Curse of dimensionality?
Published:
This is a summary of an interesting chat between the greatest Loyal Data Scientist Chris and me.
The whole thing happened because I came across a post about “the relationship between the curse of high-dimensionality and degrees of freedom” on LinkedIn. I do not completely agree on the connection between the two concepts but the post was interesting as it explained high-dimensionality via Euclidean space. After a quick Google search, I realize the curse of high-dimensionality is a problem in many different fields, not only in Statistics.
Continuing with Euclidean space, we can consider the curse of high-dimensionality via a sampling perspective. For one random variable with sample space of real numbers ($\mathcal{R}$), we probably won’t need too many samples to get a good taste of how it is distributed across its sample space. For two random variables with a joint distribution on $\mathcal{R}^2$, we will need more samples to find where it is more dense in the 2-D Euclidean space. Now, imagining we have three random variables on $\mathcal{R}^2$, it will be more challenging to figure out where it is more or less dense in a 3-D space. I understand this is how the post tried to explain the curse of high-dimensionality.
While “degrees of freedom”” is a different concept in my opinion. When estimating parameters of interest, we are solving some estimation equations (i.e. score functions for maximum likelihood estimation, moment functions for method of moments estimation, derivatives of objective function for general prediction problems, etc.). So the data is restricted to these estimation equations. Once parameters are estimated, only fewer samples are free to change. For example, we have $N$ data points and are interested in the mean ($k = 1$). Once the sample average is computed, only $N-1$ data points are free to change and the change of samples will not impact the average. Imaging we have $N+k$ parameters (the curse of high-dimensionality) to be estimated, it is impossible to estimate them with $N$ samples. In other words, a negative ($-k$) degrees of freedom does not make sense. Intuitively, we cannot magically “create” additional $k$ data points.
So the curse of high-dimensionality and degrees of freedom are two individual and different concepts, and of-course, I do not think they are related.
While Chris also emphasized that the curse-of-dimensionality is more about the joint distribution of $\mathbf{X}$ (covariates, independent variables, factors, etc).

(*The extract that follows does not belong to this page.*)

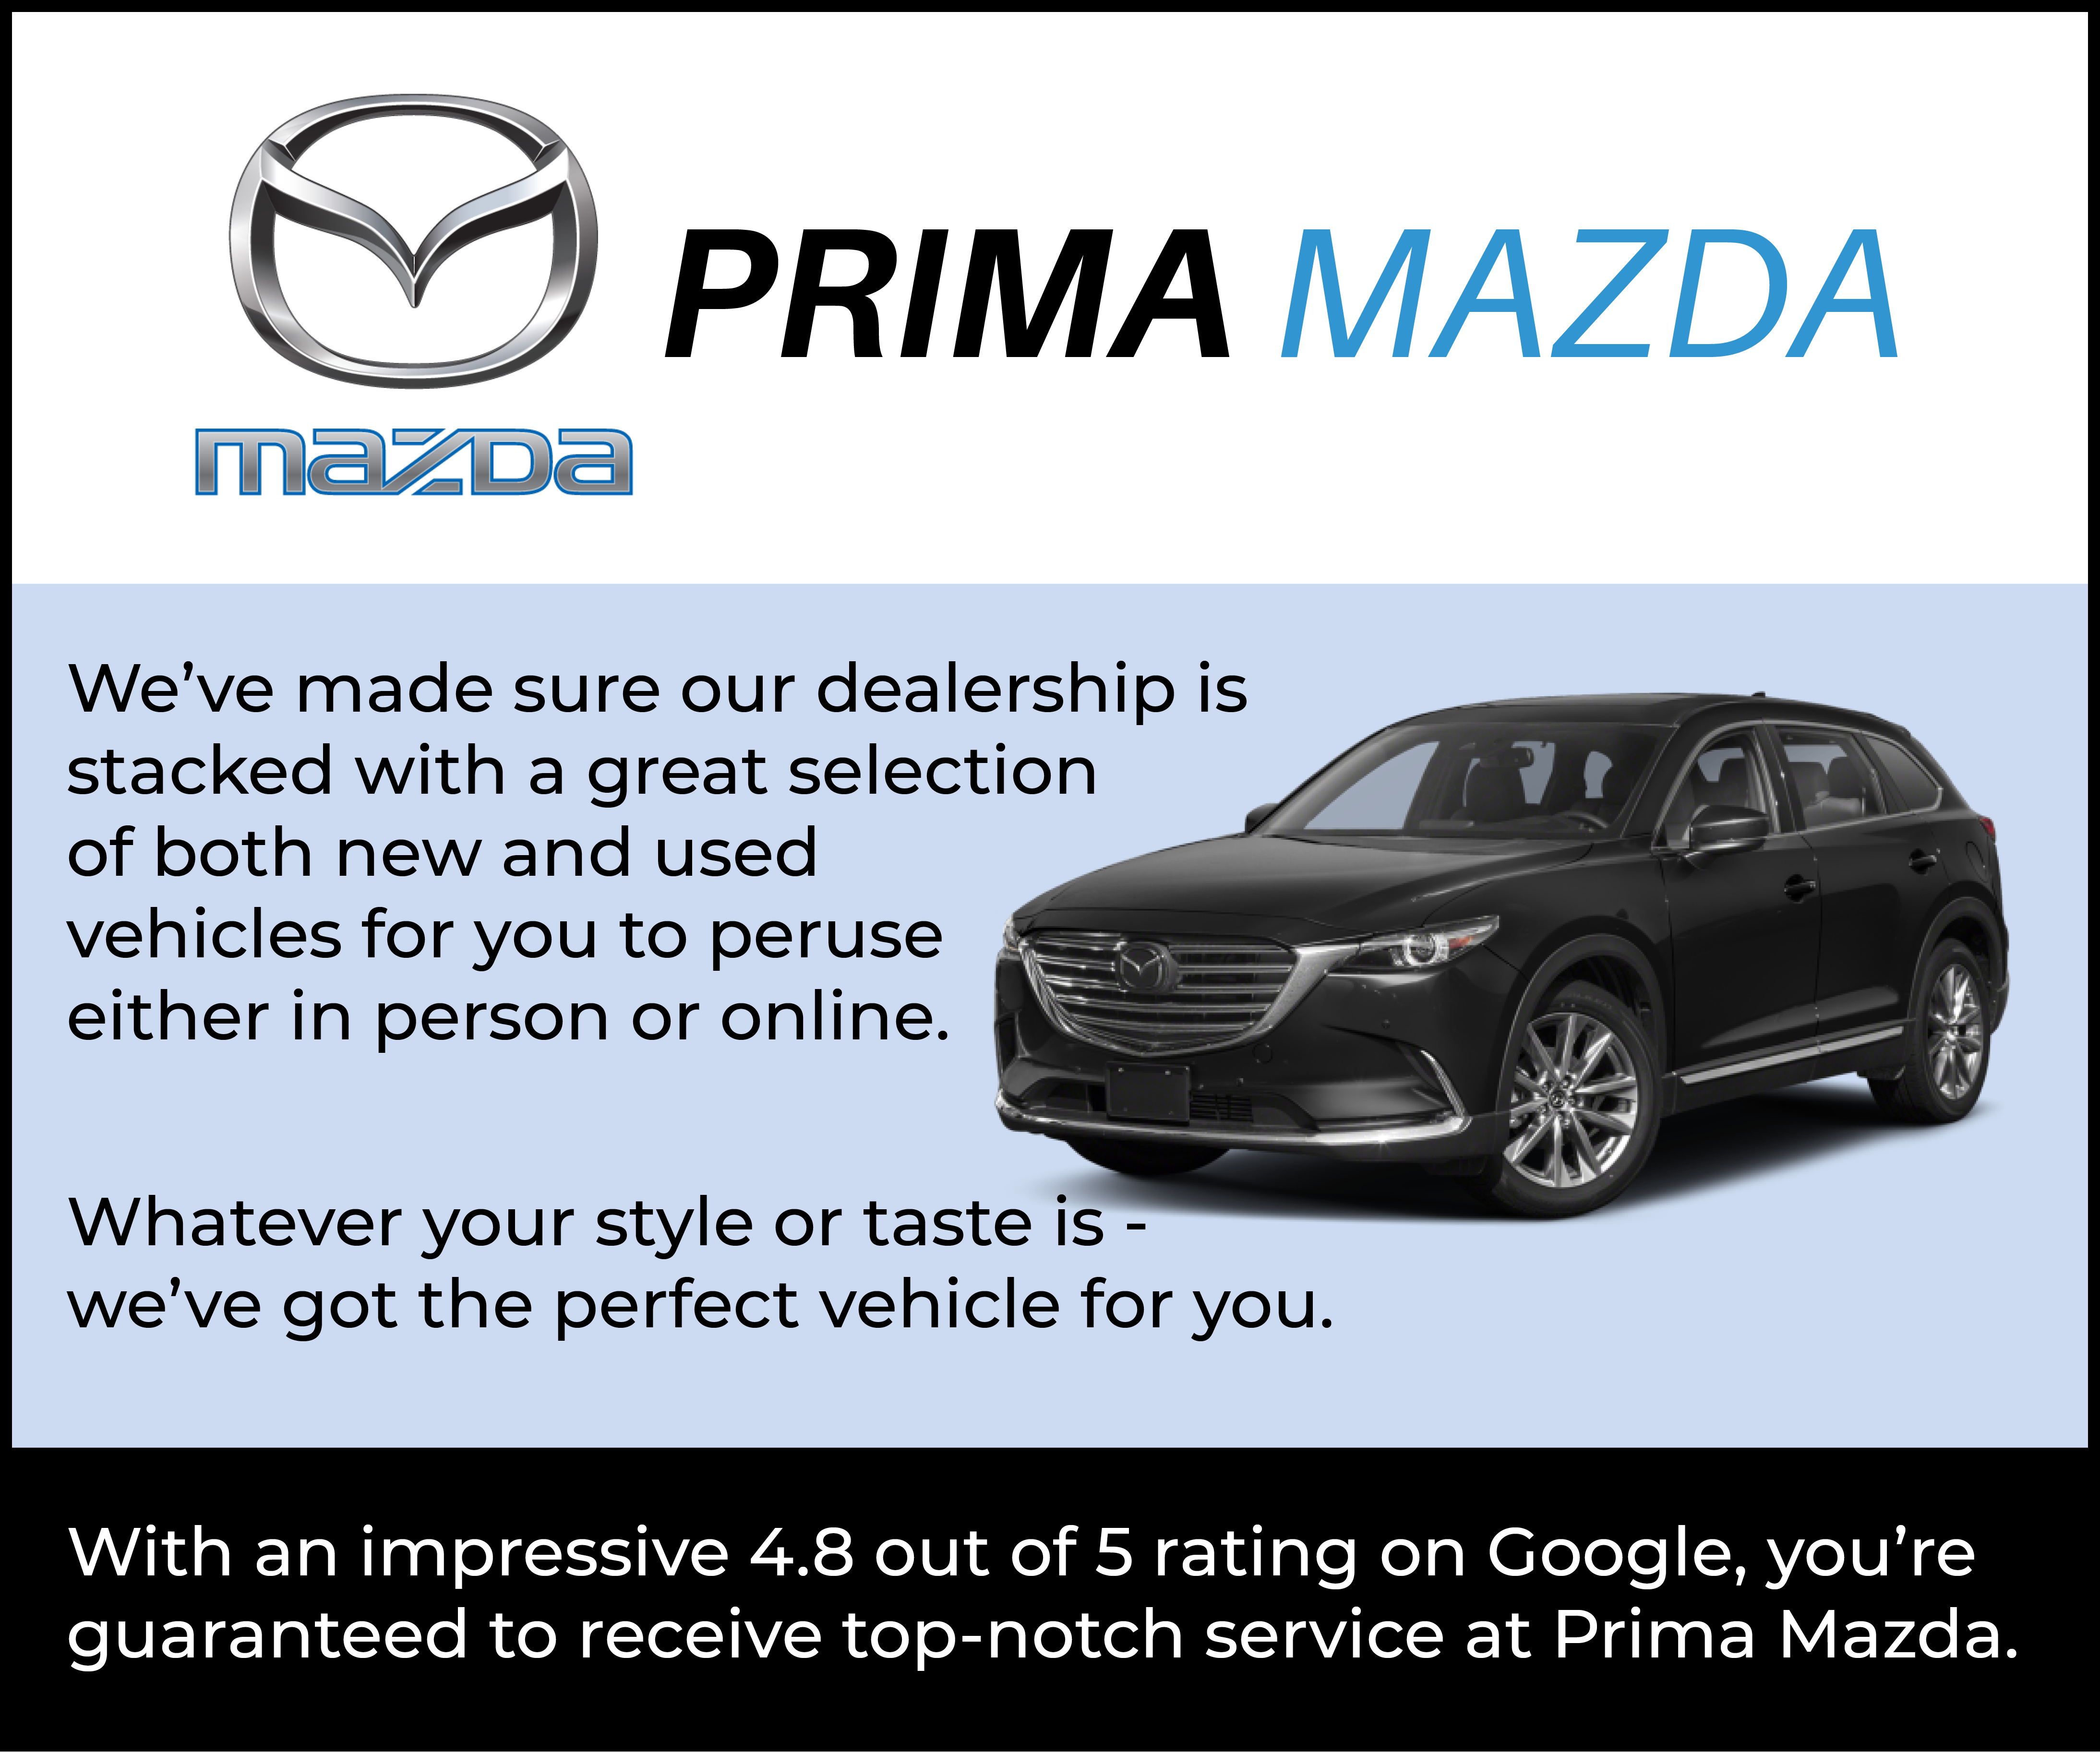 More from Prima Mazda

The greatest example of the “curse” is knn-algorithm will fail as the number of $X$’s increases. This is because as dimension increases, even with a large number of samples, it is impossible to find many neighbors of a single data point to compute an average. However, linear model will work well in terms of predictions even when the dimension of $\mathbf{X}$ is pretty large. The need of lasso-regression or penalty is more of avoiding over-fitting and providing good inference.
From a statistical perspective, I believe in any model is wrong but some are useful and the simpler the better. I think in practice the goal is always to find an plausible model that approximates the truth. So the curse of high-dimensionality for me is really, even though big data is available, we cannot find important/useful information from them by a complex model. In practice, the truth is always complex and involves much randomness that we cannot control. If we can find a simple model to explain the data generation mechanism, why not?
Chris and I highly agree with each other on “simplicity is good”. He also added there can be a cost for not controlling for factors that are indeed important. If we have infinite data, we can include as many factors as we want, but this is not the case in real world. The two of us now kinda focus on different problems, I work more with statistical inference while he works more with prediction (my words). I think there is slight difference on the focus of two problems. For inference, it is very important to make the model as simple as possible, separating out the parameters of interest and the nuisance parameters. The goal is to efficiently estimate the parameters of interest and also draw inference. Including too many parameters of interest will not help the inference. We do need to be careful to confirm the model support the inferential goal. However, for prediction, it is more important to find a working model that can somehow accurately predict the response. Intuitively, as long as the model works, it is not that important to figure out how many parameters are included, which of them can be nuisance parameters. Explainable machine learning model is fansinating but also challenging.